Every participant has their own motives. Fritsch wrote eloquently about his own in this blog post. For me, Death For Food is a startlingly real way to reconnect my own humanity and emotions to the food system. It’s about taking the blinders off, looking my dinner in the eye, and fostering a deep level of respect for what has to happen so that I can eat meat.
As for the “Death for Food Valle De Guadalupe Harvest + Feast” on July 13, it will be a pretty wonderful one. Not all grisly heartache. A tour bus will meet attendees on the U.S. side of the border. There will be mezcal service on the bus. We will be greeted at Finca Altozano for a wine tasting of Valle de Guadalupe wines from Mogor Badan. We will al have the option of harvesting our own quail for dinner. Chef Plascencia will cook a six-course meal under an oak tree on his property. An art installation of small, ethical animal farm harvesting (featuring Fritsch’s photos) will be on display. Monkey Paw Brewing has created a special beer for the event, which will be paired with each course. I will read a piece about the time I watched a fish die on my plate as I ate it. Others will talk. People will eat, laugh, discuss.
I have no idea if I’ll be in the mood for revelry after killing a small, pretty bird. But that’s the question mark and power behind Death for Food. Like life, it’s not entirely comfortable. Like a life well-lived, it’s about immersing ourselves deeply and examining the benefits and repercussions of our actions.
Ideally, we’d like Death for Food to attract the most progressive food minds for a rare experience—something that has the potential to alter us for the better on a deep, molecular level.

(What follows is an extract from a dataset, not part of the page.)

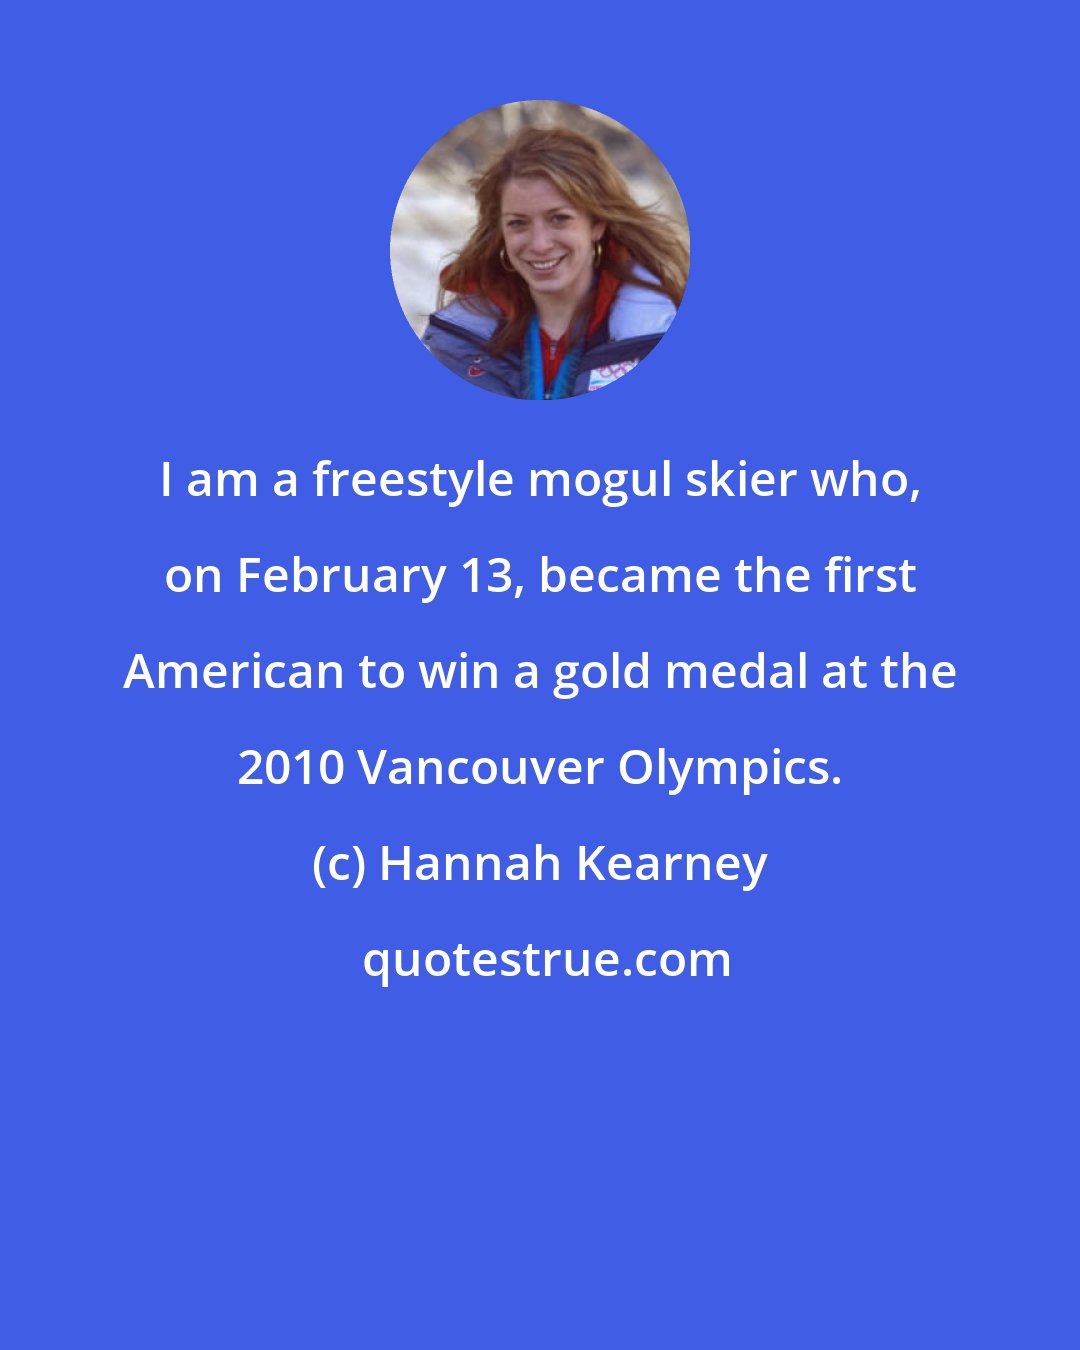 Hannah Kearney: I am a freestyle mogul skier who, on February 13, became the first American to win a gold medal at the 2010 Vancouver Olympics.
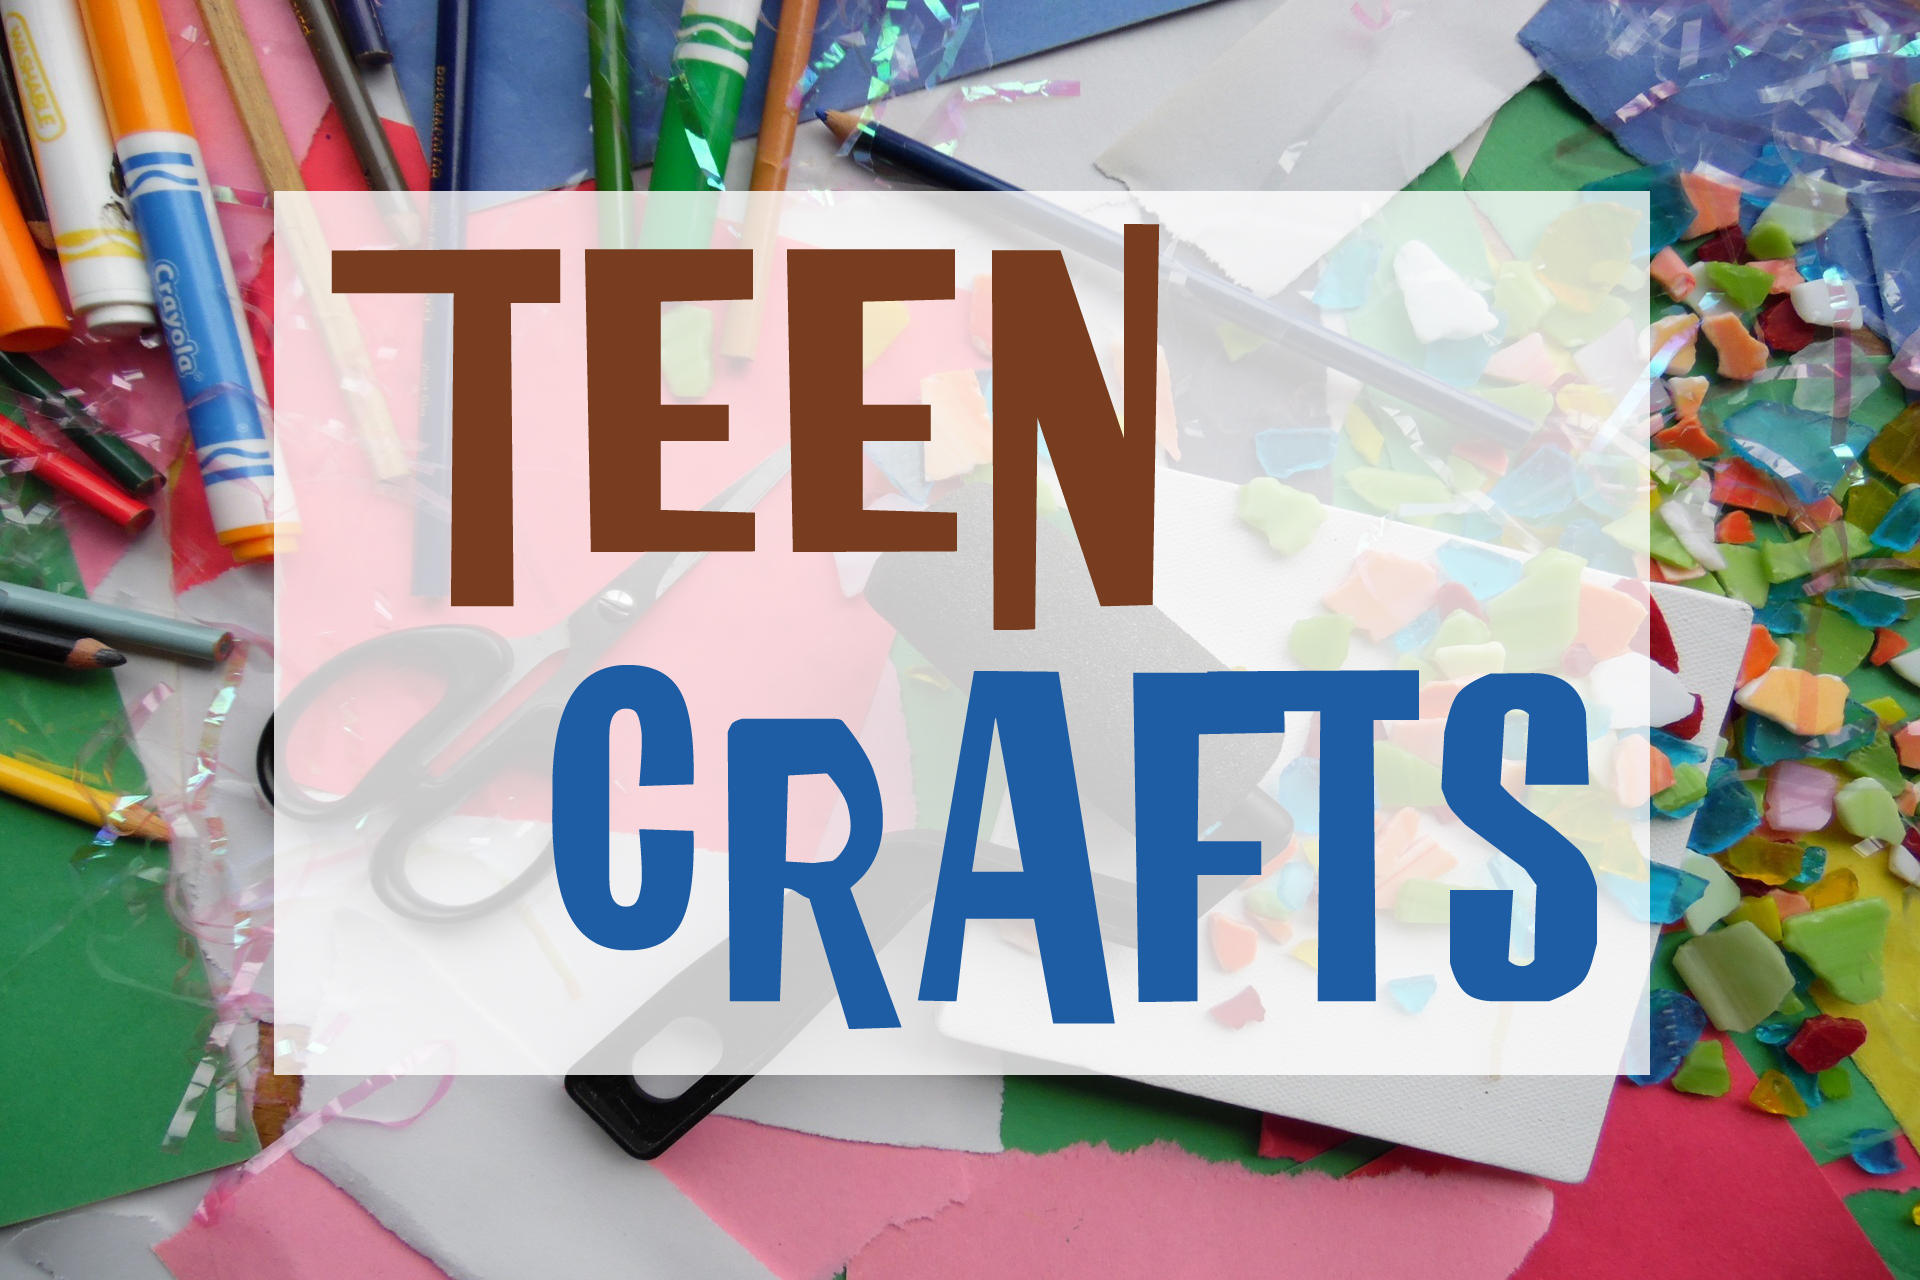 Boondoggles for Teen Crafts

There are only 60 seats, and 40 are already taken by some of the area’s most inspiring food/art/culture minds.
If you’d like to join us, buy tickets for the day and fill those last 20 seats. It’s not cheap. Transporting a herd of food people to a different country, orchestrating a quail harvest, and producing an all-day feast under an oak tree is not an inexpensive enterprise.
I can’t promise I won’t cry that day. But I can promise it will be full of very creative, progressive people trying to do something very, very good.